Give the data again in full, without pictures.

## GIVEN MATERIAL
:::::

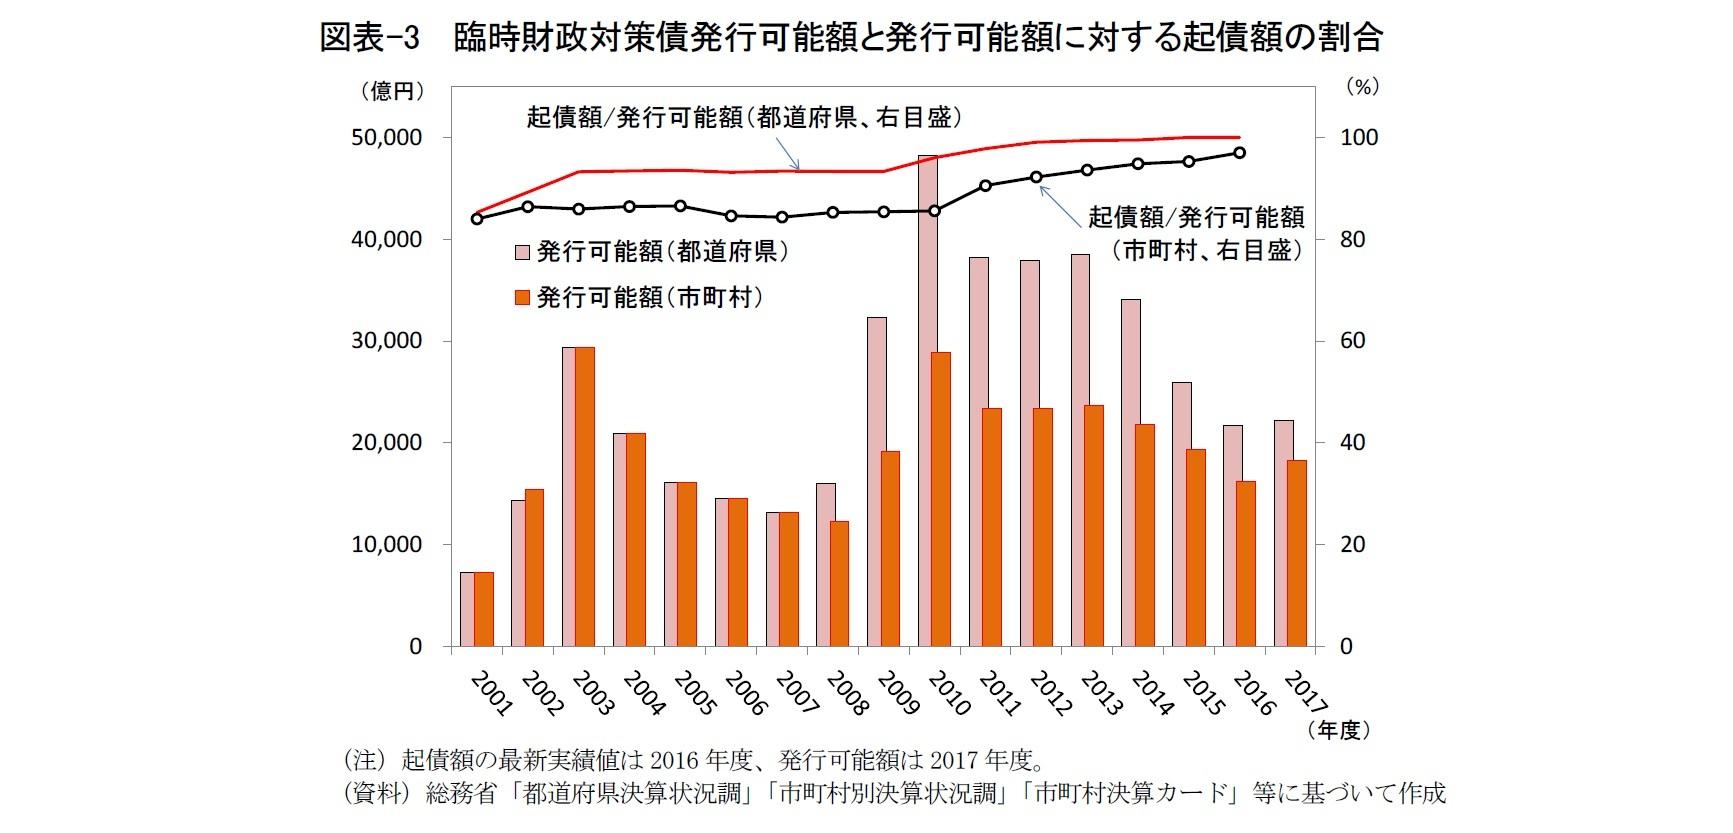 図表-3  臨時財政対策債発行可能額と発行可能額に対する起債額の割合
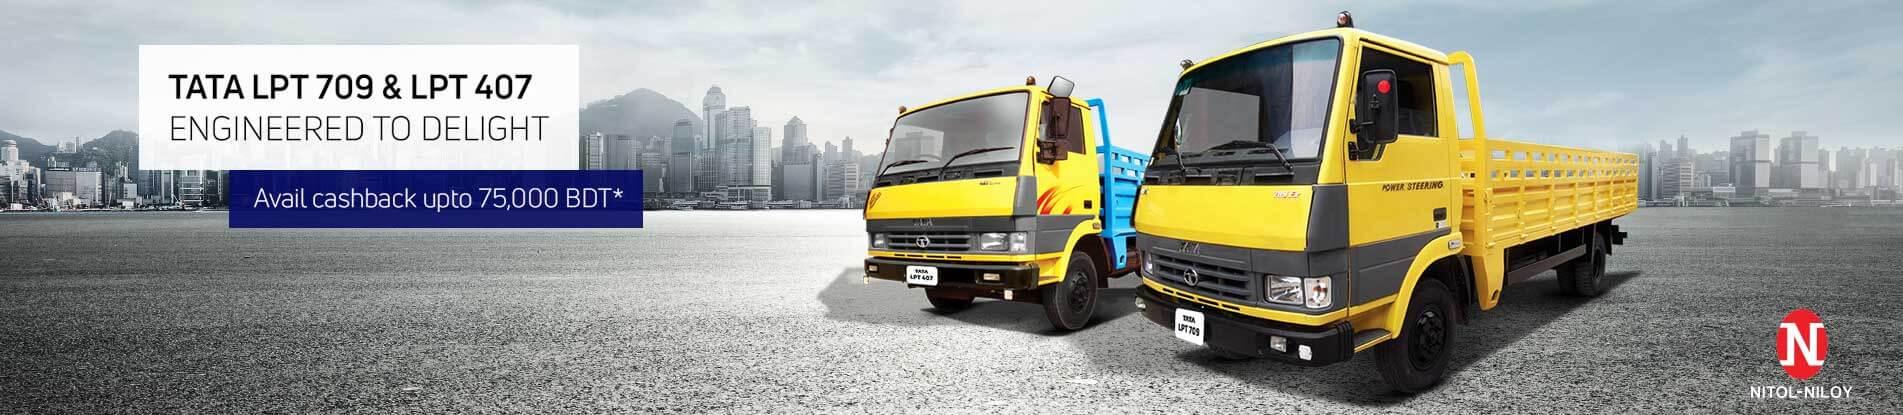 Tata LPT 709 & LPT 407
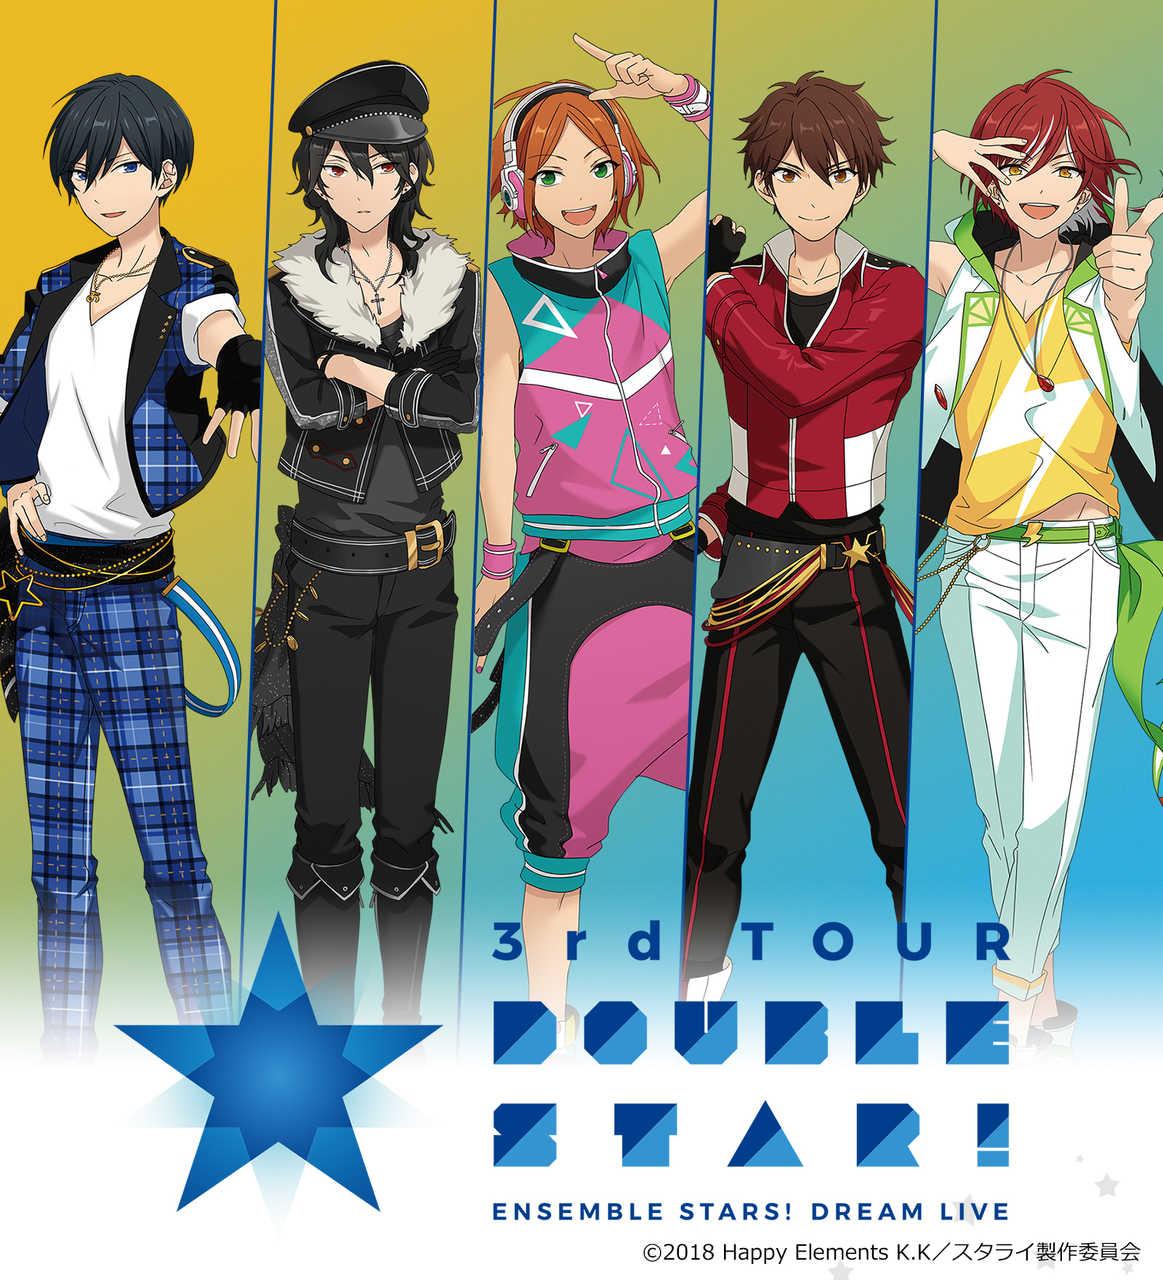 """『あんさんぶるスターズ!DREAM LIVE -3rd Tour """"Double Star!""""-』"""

:::::

## TASK RESULT
 図表-3  臨時財政対策債発行可能額と発行可能額に対する起債額の割合
 Tata LPT 709 & LPT 407
 """『あんさんぶるスターズ!DREAM LIVE -3rd Tour """"Double Star!""""-』"""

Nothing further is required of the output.